Jean Smart (Foto: Emilio Madrid)

El teatro del Studio 54 se transforma en un parque de casas rodantes o trailer park, allá por el año 1989 en la remota localidad de Mansfield, Luisiana. Este depresivo asentamiento en un pueblo marginal de un paupérrimo estado de la Unión Americana es el enclave perfecto para albergar la brutalidad humana en su más vergonzosa expresión: el machismo pertinaz derivado del patriarcado recalcitrante. Una condición capaz de corroer a cualquier alma a su alrededor, incluso la propia, y eso es lo que sucede con el personaje de Isabelle, a quien de cariño le llaman Izzy (de ahí el título de la obra).

Jean Smart (Foto: Emilio Madrid)

La protagonista de la historia es una prodigiosa escritora que descubre su habilidad con las letras gracias a la providencial ayuda de una vecina que le tramita una tarjeta de usuario en la biblioteca local y luego la invita a asistir a talleres de escritura creativa.

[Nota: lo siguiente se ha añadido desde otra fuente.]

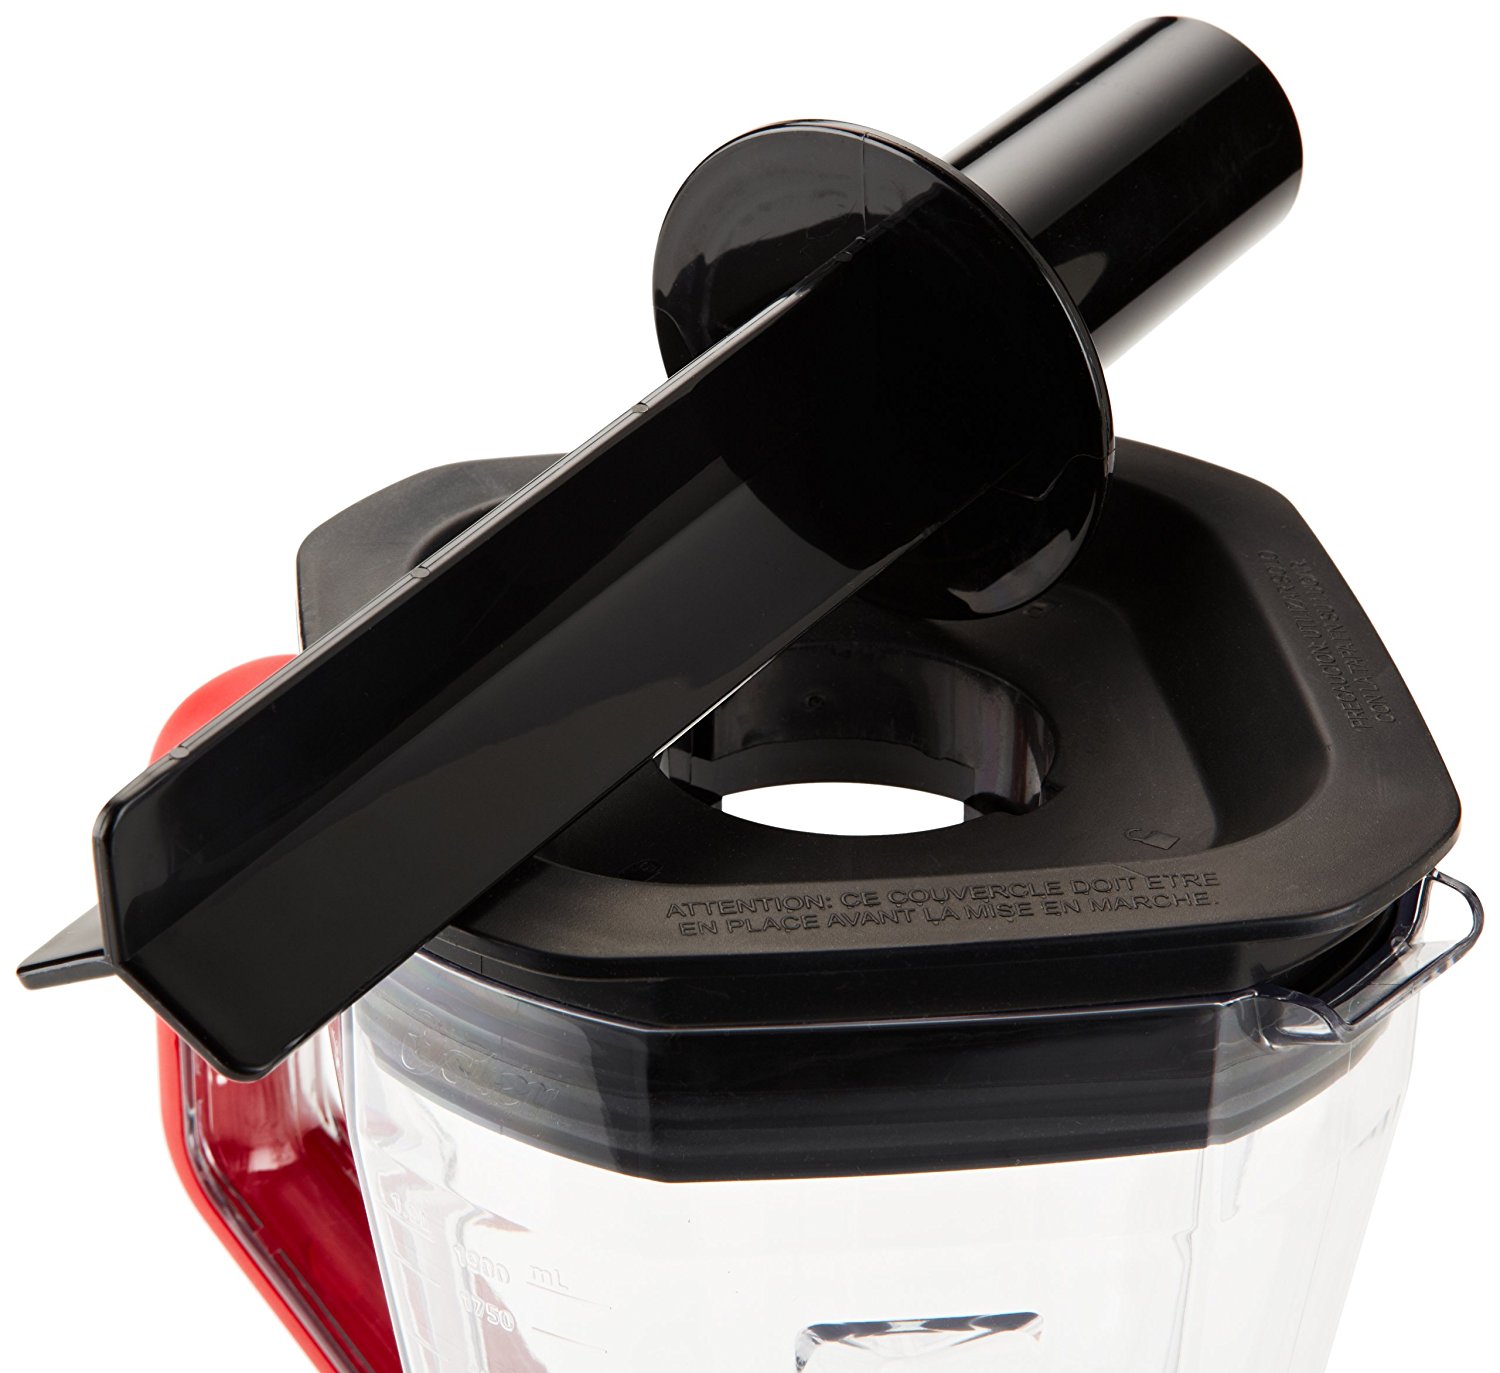 Oster Versa Pro Series 1400 Watt Blender with Low Profile Jar, Black - image 4 of 21

En dichas sesiones, a las que asiste clandestinamente sin el permiso de su marido, Izzy encuentra su voz y vierte sus emociones en composiciones poéticas. Su talento es descubierto al obtener un premio en un concurso literario que le otorga una fuerte cantidad de dinero y la posibilidad de asistir a un taller en Brewster, Massachusetts.

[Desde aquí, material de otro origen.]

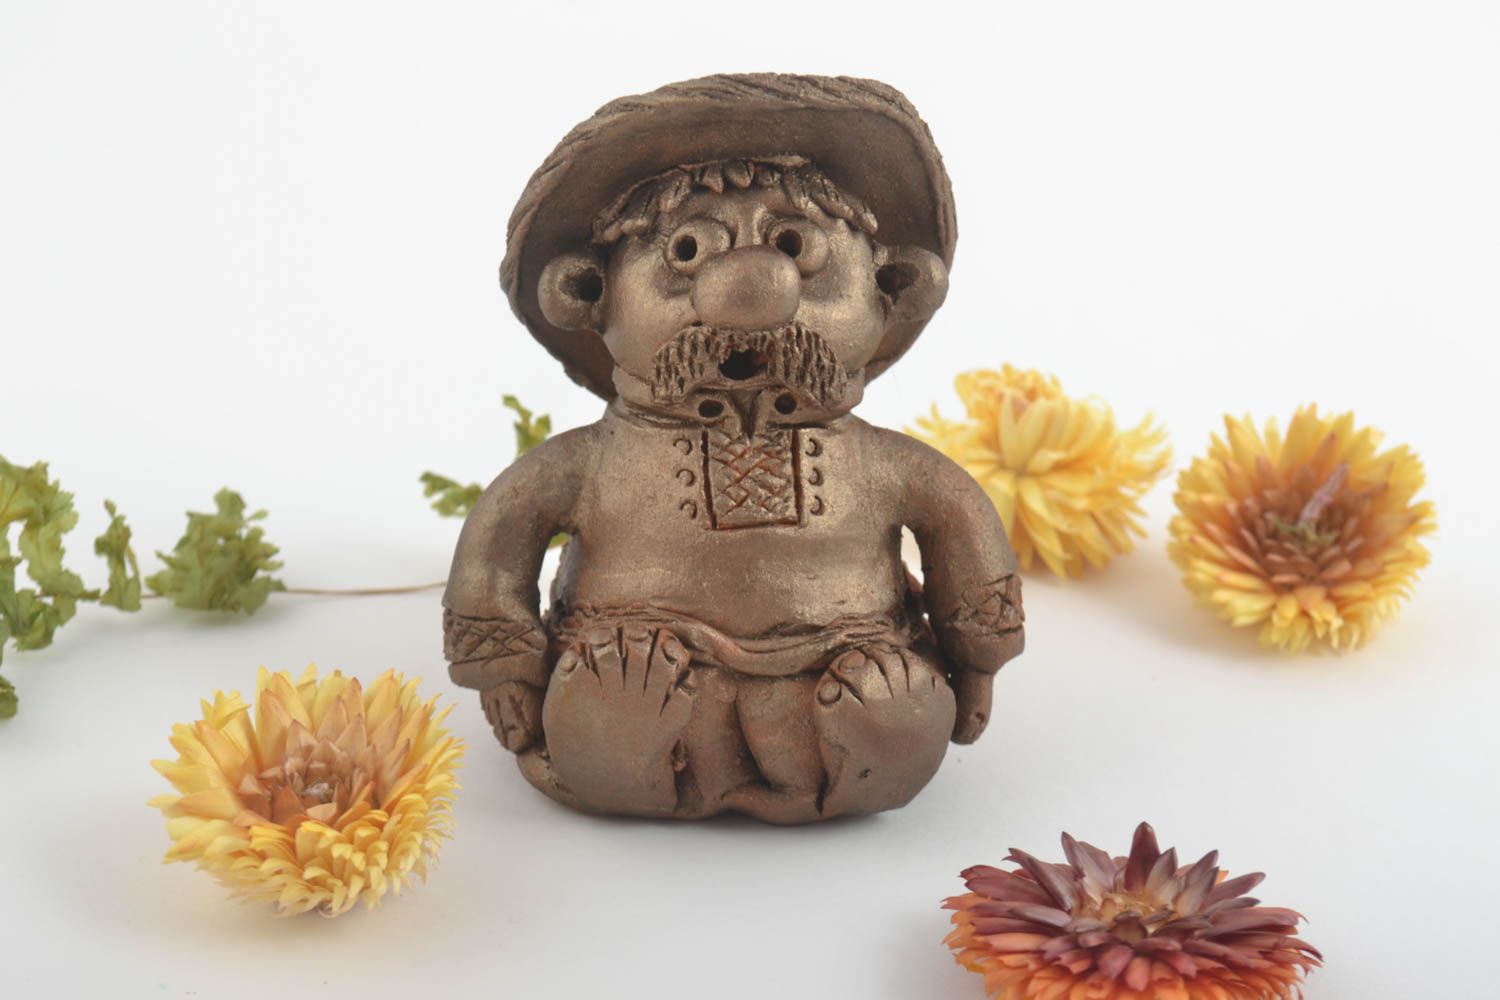 Handmade ceramic figurine unusual statuette miniature sculpture art gift ideas photo 1

Desde luego, este galardón expone en el pueblo las inclinaciones poéticas de Izzy y ocasiona la furia de su marido, Ferd, quien en un irracional acto termina quemando todos los cuadernos de su mujer. A partir de ese momento, Izzy optará por ocultarse en el baño para escribir durante las noches, utilizando como instrumentos un lápiz delineador para ojos y el papel sanitario; muestra de su inquebrantable voluntad creativa. Al final, tras una serie de infames abusos, Izzy encontrará el valor para romper el círculo vicioso que la sujeta.

Jean Smart (Foto: Emilio Madrid)

Los detractores de la obra pueden argumentar que se trata de un texto predecible escrito desde una perspectiva masculina perteneciente al siglo pasado. Sin embargo, el acierto del dramaturgo Jamie Wax es proporcionar una fiel radiografía de los horrores de estas relaciones… En efecto, es una reflexión tardía puesto que el irreversible daño ya se ha cometido, pero sirve como referencia de todas esas atrocidades que se cometían antaño. Y cuando se suman la sencillez y eficiencia que la directora Sarna Lapine imprime al montaje, más la exquisita actuación de Jean Smart, el resultado es un conmovedor montaje capaz de propiciar amargas lágrimas entre el público asistente.

Jean Smart (Foto: Emilio Madrid)

En momentos donde es difícil encontrar un monólogo que pueda triunfar entre las exigencies económicas de Broadway, Call me Izzy recurre a una ancestral fórmula que mantiene su infalibilidad:  un montaje con recursos sencillos y una nómina reducida. Sustentado, claro está, en un impecable diseño de iluminación (Donald Holder) y de escenografía (Mikiko Suzuki MacAdams), una dirección bien estructurada y la fabulosa actuación de una consumada histrionisa.